● **Given material**:
_ _ _ _ _

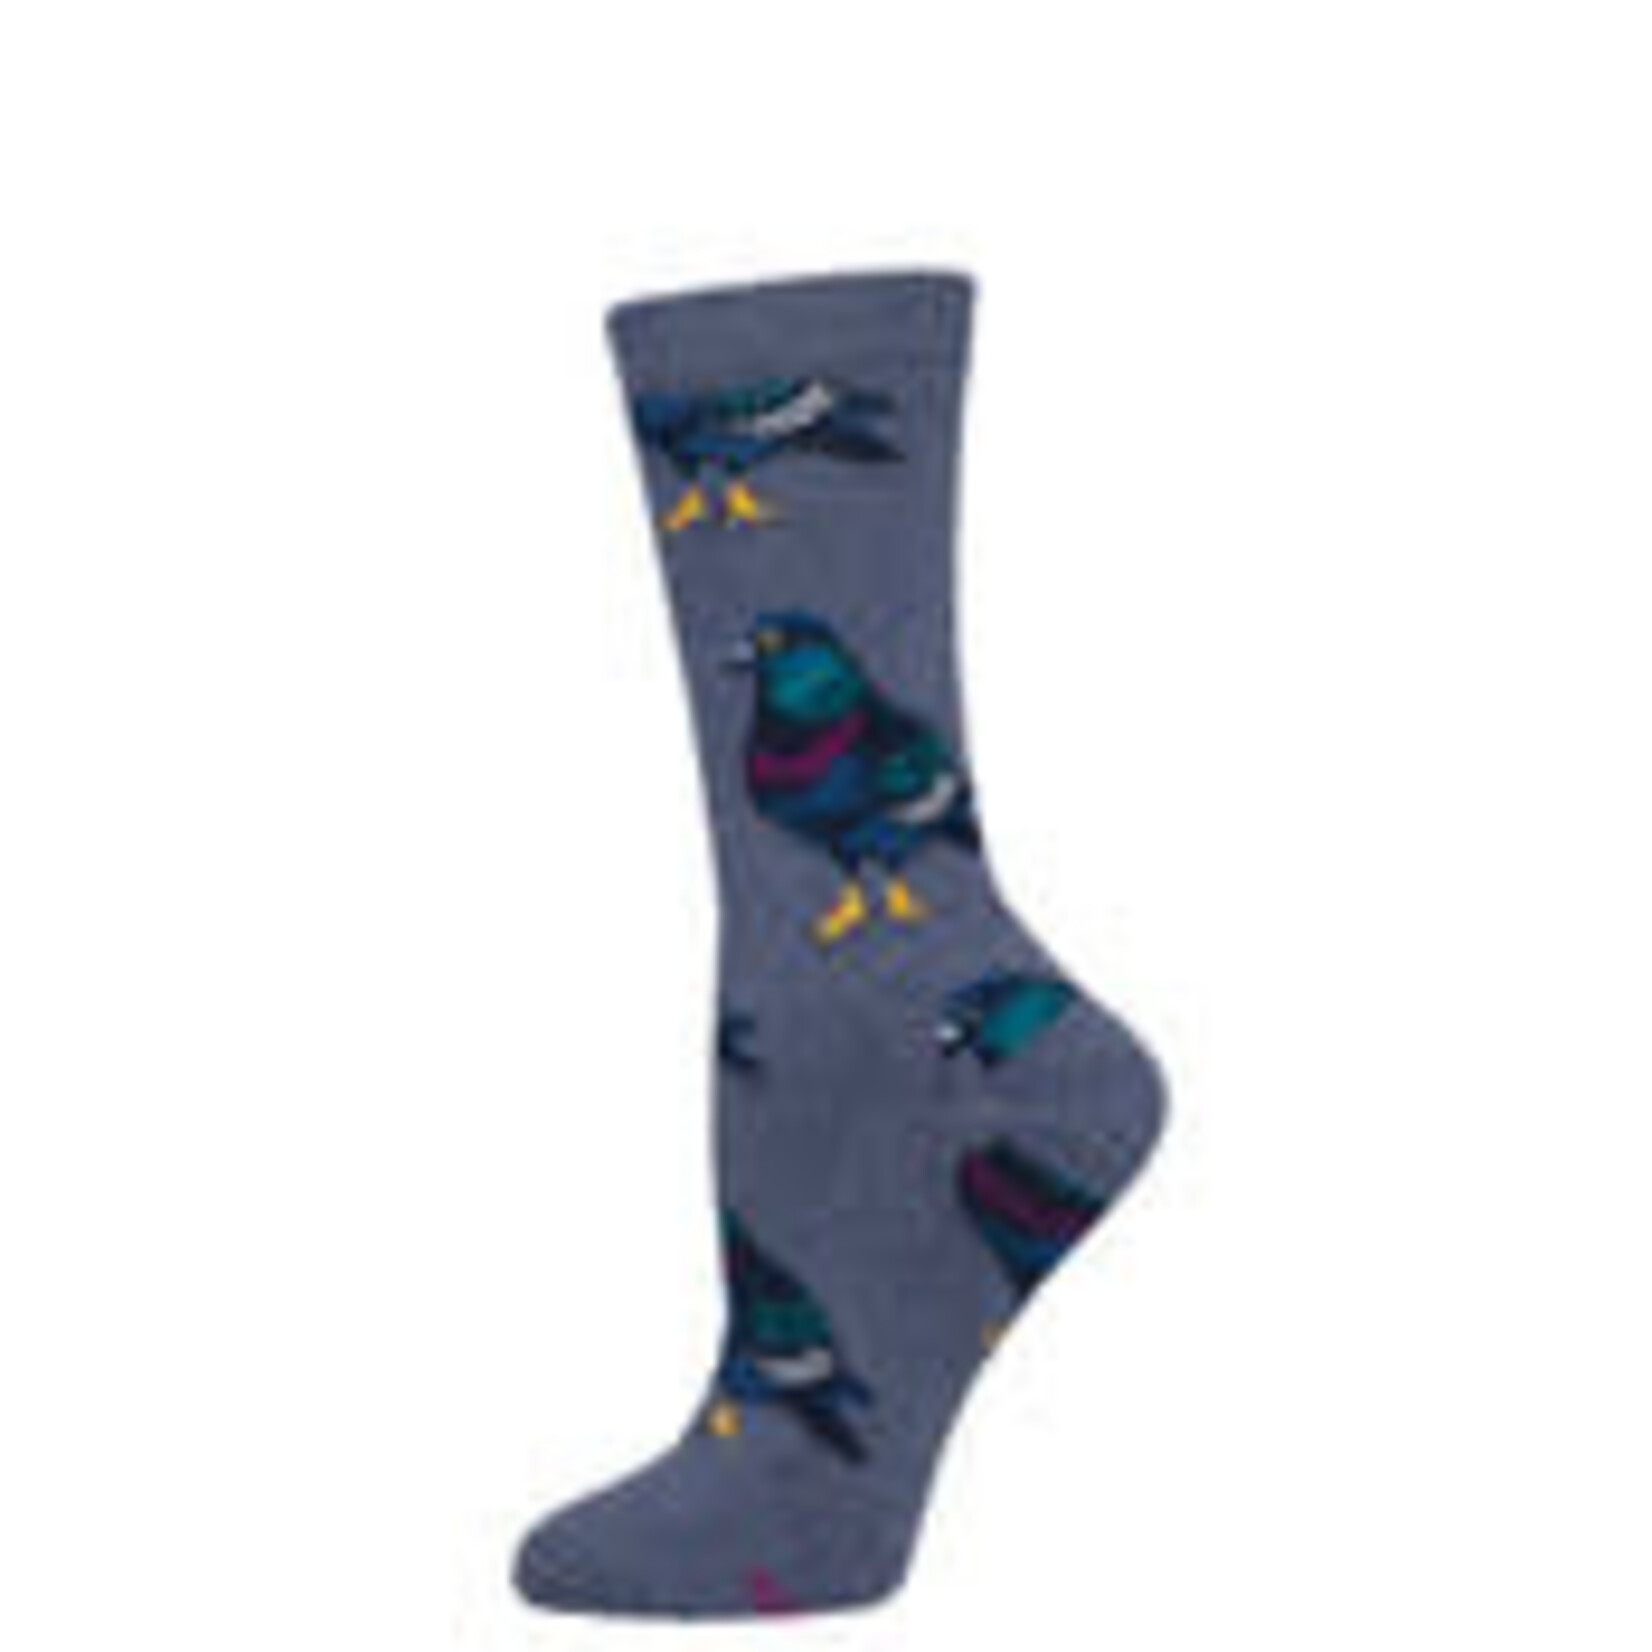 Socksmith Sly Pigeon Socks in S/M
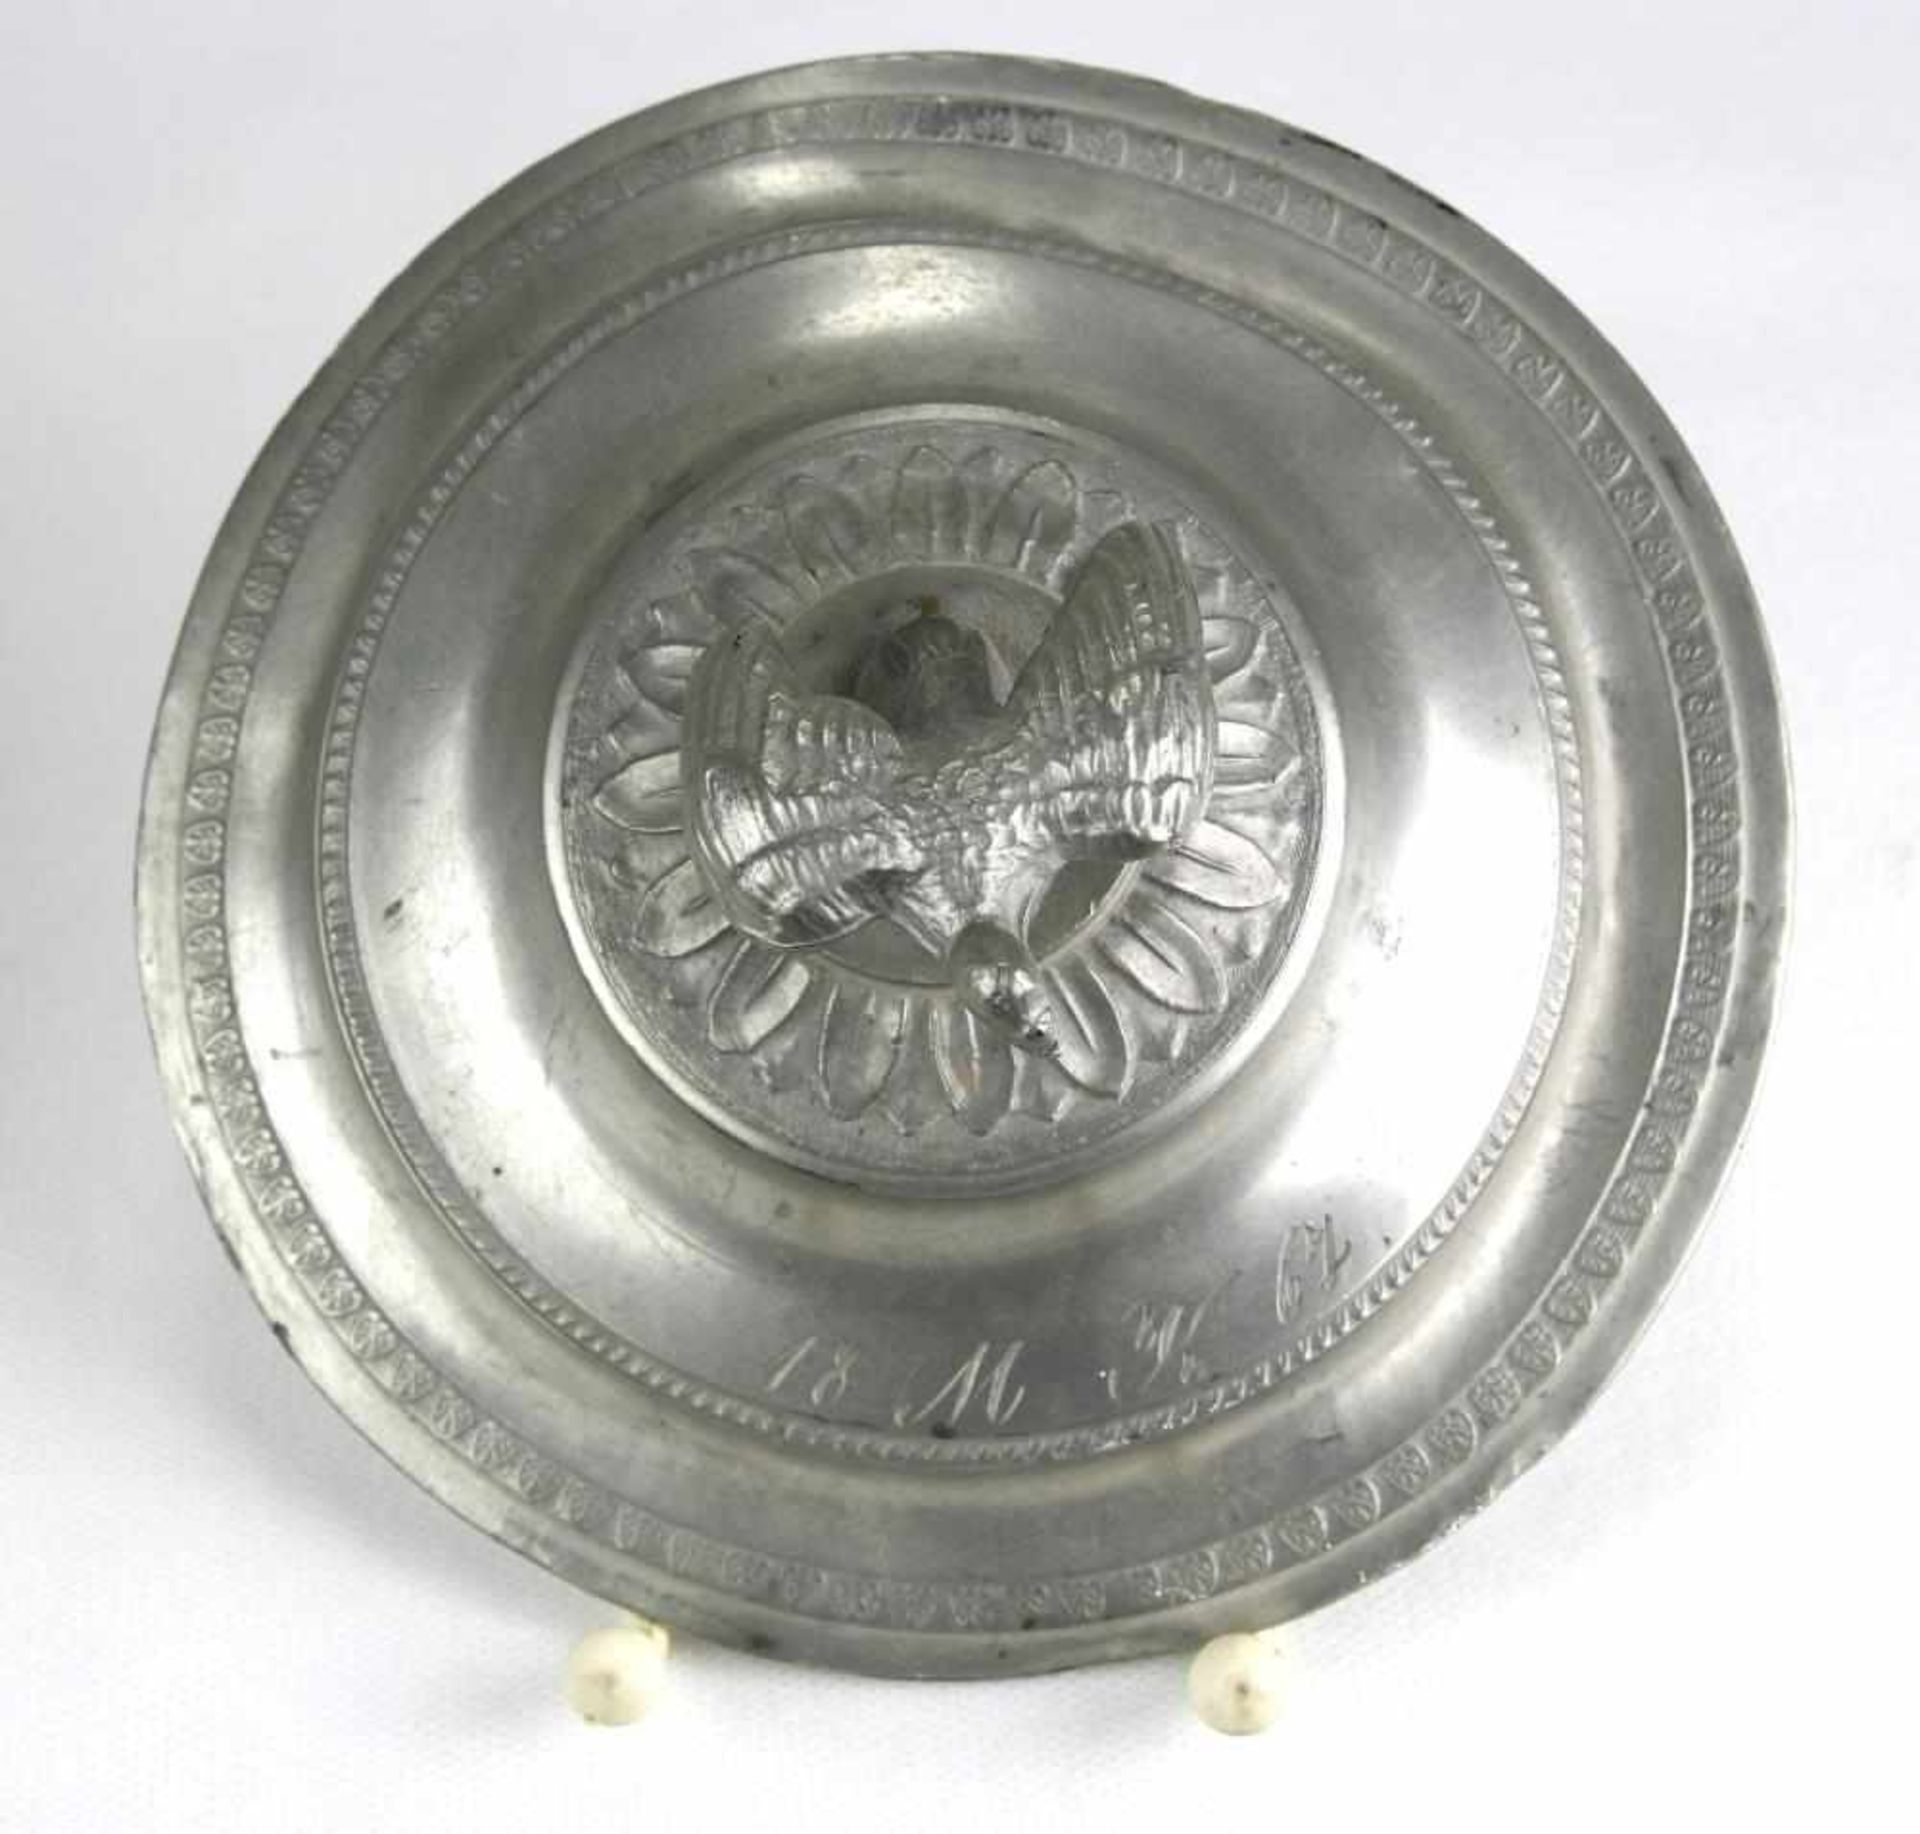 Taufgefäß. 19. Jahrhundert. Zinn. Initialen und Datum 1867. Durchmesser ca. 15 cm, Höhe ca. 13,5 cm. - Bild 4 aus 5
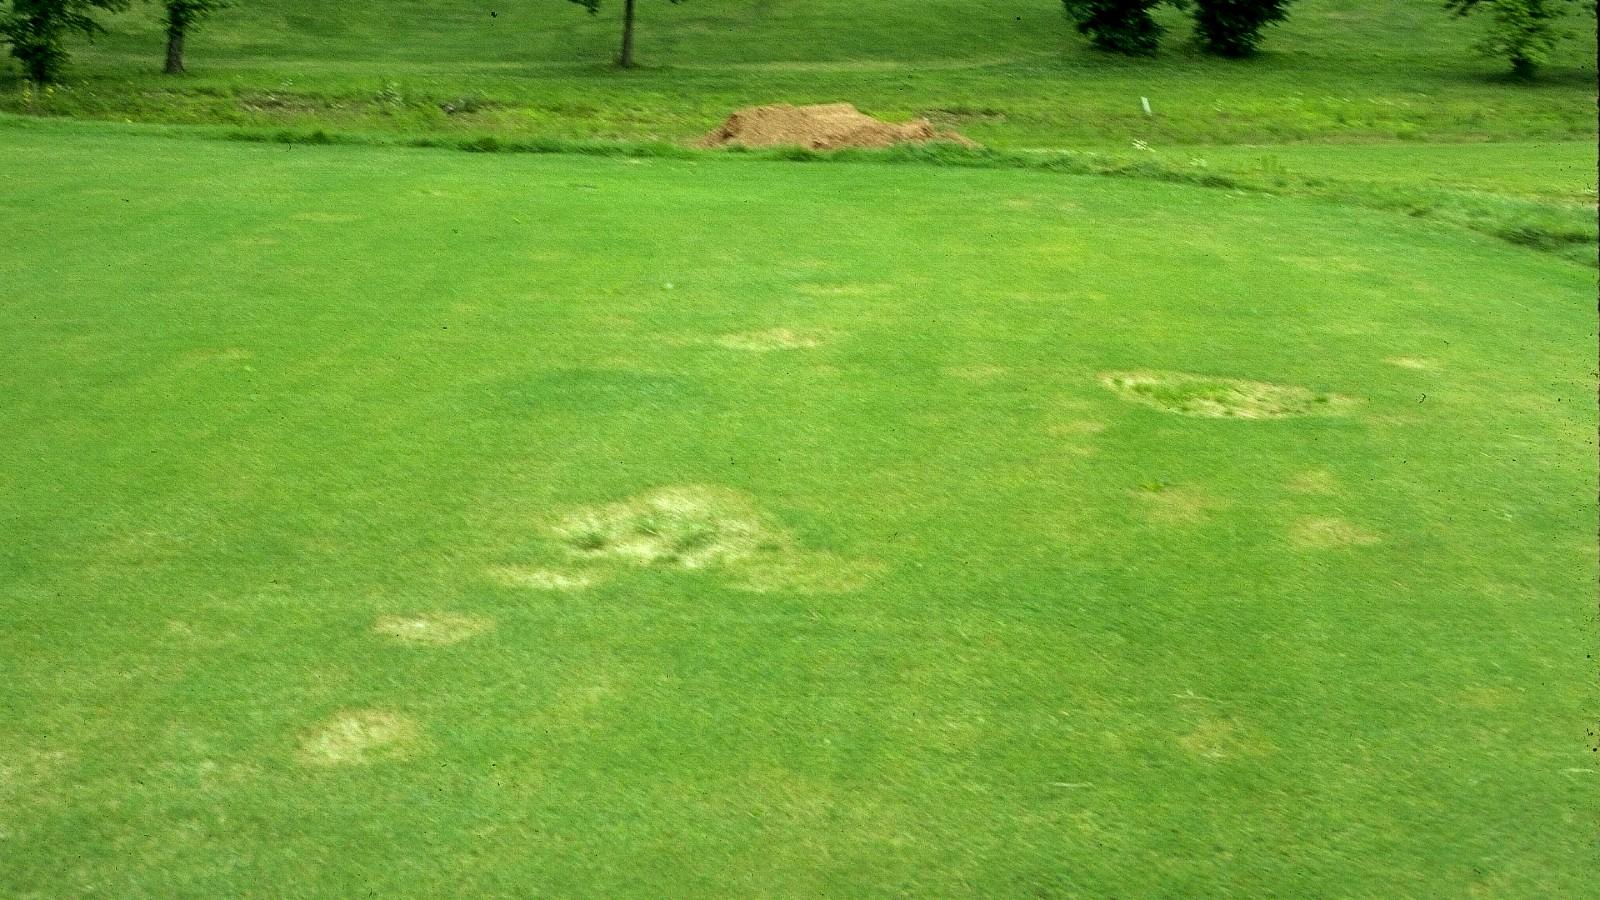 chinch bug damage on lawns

_ _ _ _ _

● **Work instruction**: Beginning with the line that includes "Taufgefäß. 19. Jahrhundert." and ending with the last line of the material, reproduce those lines exactly and nothing else, with no pictures.

● **Task output**:
 Taufgefäß. 19. Jahrhundert. Zinn. Initialen und Datum 1867. Durchmesser ca. 15 cm, Höhe ca. 13,5 cm. - Bild 4 aus 5
 chinch bug damage on lawns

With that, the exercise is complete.